The details: Indirect transit shipments heading that will then head to ports in Nuweiba, Ain Sokhna, or Safaga to cross the Red Sea into the Gulf, along with Gulf exports that will arrive in Egypt before moving to a third country are now exempt from preregistration to get an Advance Cargo Information Declaration number before arriving on Egyptian shores. Both the importer and exporter however are not allowed to be Egyptian.
Why this matters: While the need to support our Gulf neighbours in this time of need is worthy in and of itself, the move to facilitate the movement of goods and energy in and out of the country is laying the groundwork for Egypt to become the GCC’s Hormuz Strait-proof gateway to the Mediterranean and the rest of the world if we ever see a conflict like this arise again in the future.
REMEMBER- This isn’t the only state-led effort to position Egypt as a logistics bridge for the GCC amid the Hormuz Strait closure, with the country offering up its Sumed pipeline that runs from Ain Sokhna to Sidi Kerir and 10 additional Red Sea storage facilities to help export Saudi crude from the Mediterranean.
AVIATION — Boeing’s push to expedite 737 MAX deliveries has faced another hiccup, shaking its shares down 3% in US trading. Scratched wiring on a group of undelivered jets is set to delay some first-quarter handovers, but Boeing still aims to deliver around 500 737s this year. The company was just starting to show cleaner execution, delivering 51 aircraft in February — including 43 737 MAX jets — which is the strongest delivery output since 2017.
SHIPPING — Cosco suspends Balboa activity: Chinese shipping giant Cosco halted activity at the Pacific-side terminal after Panama tore up CK Hutchison’s concession, handing temporary control of Balboa to APM Terminal for up to 18 months.

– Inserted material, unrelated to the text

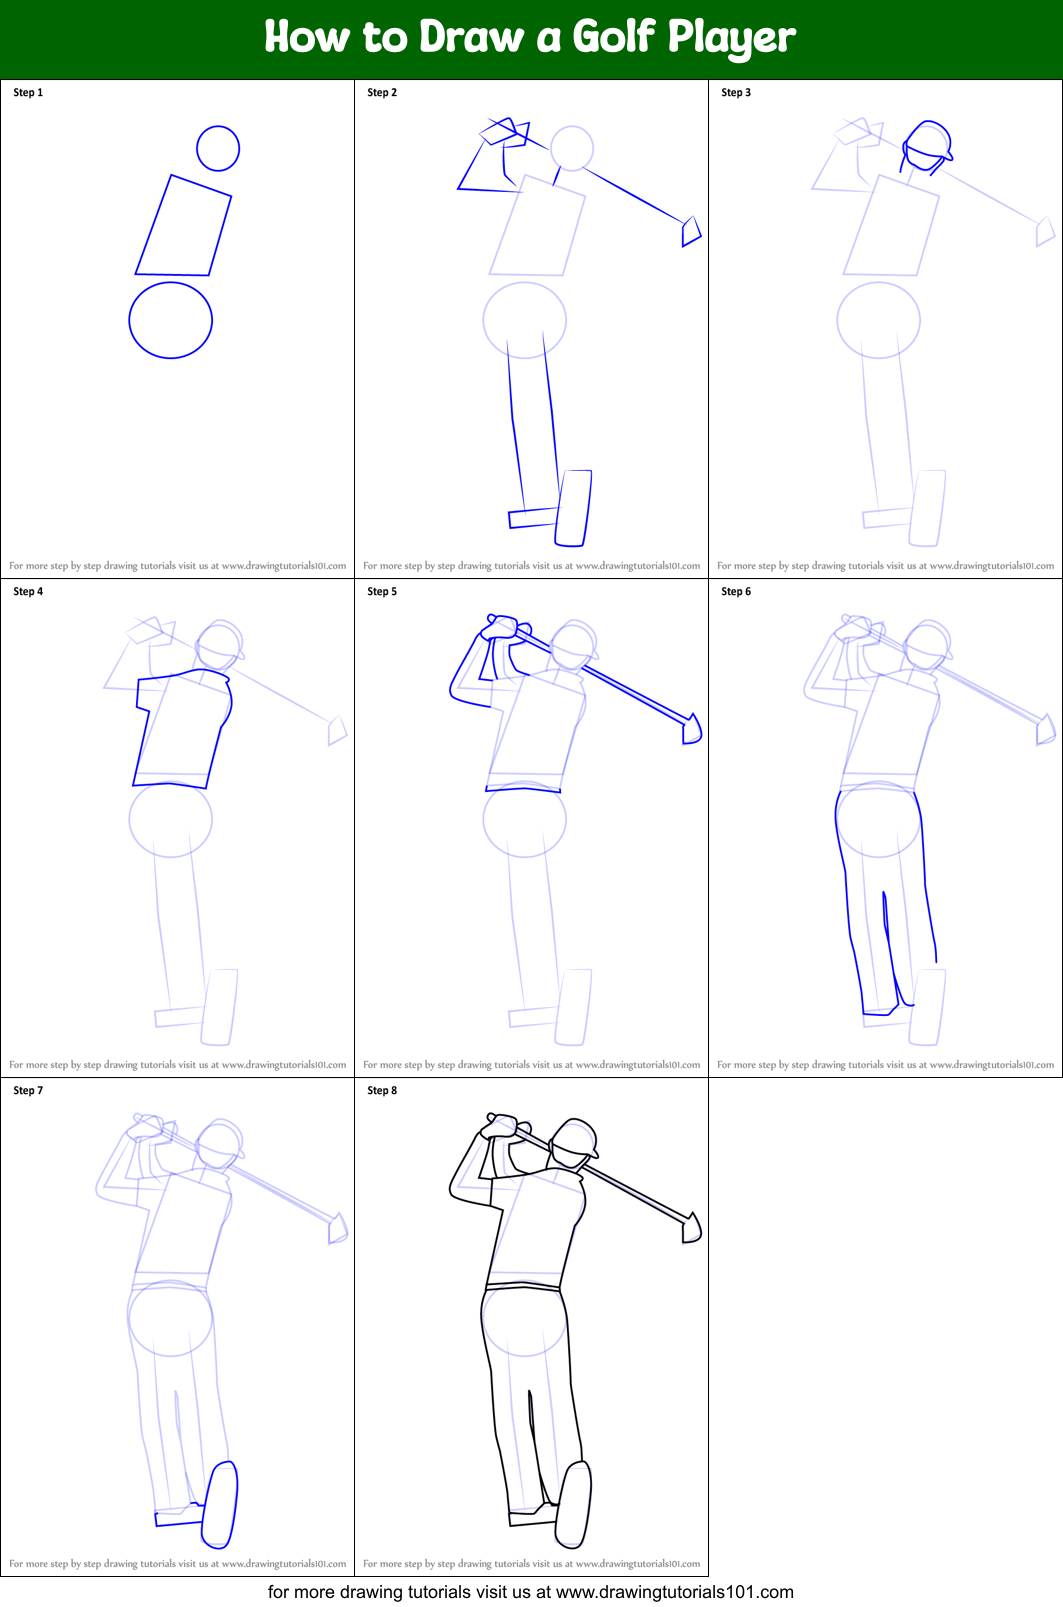 How to Draw a Golf Player printable step by step drawing sheet

The move comes in the wake of CK Hutchison’s disrupted USD 23 bn sale of 43 port assets to a consortium led by US asset manager BlackRock and the shipping giant MSC.
REMEMBER- CK Hutchison has launched international arbitration proceedings against Panama back in February — following Panama’s Supreme Court’s annulment of the firm’s 30-year port concessions to operate the Balboa and Cristobal container terminals.
Market watch
Oil prices climbed this morning as Iran escalated attacks amid fears of disruptions in the Strait of Hormuz, Reuters reports. Brent crude futures gained USD 8.54 to trade at USD 100.52 / bb by 03.54 GMT, while US West Texas Intermediate (WTI) increased USD 8.28 to USD 94.47 / bbl.
The Baltic Index gets a small lift: The Baltic Exchange’s dry bulk sea which tracks rates for the capesize, panamax, and supramax vessel segments — inched up 0.4% to 1,926 points on Wednesday, following a 7.1% fall in the previous session. The capesize climbed 2.9% to 2,574 points, while the panamax index fell another 1.6% to 1,831. The smaller supramax index declined 2.2% to 1,312 points.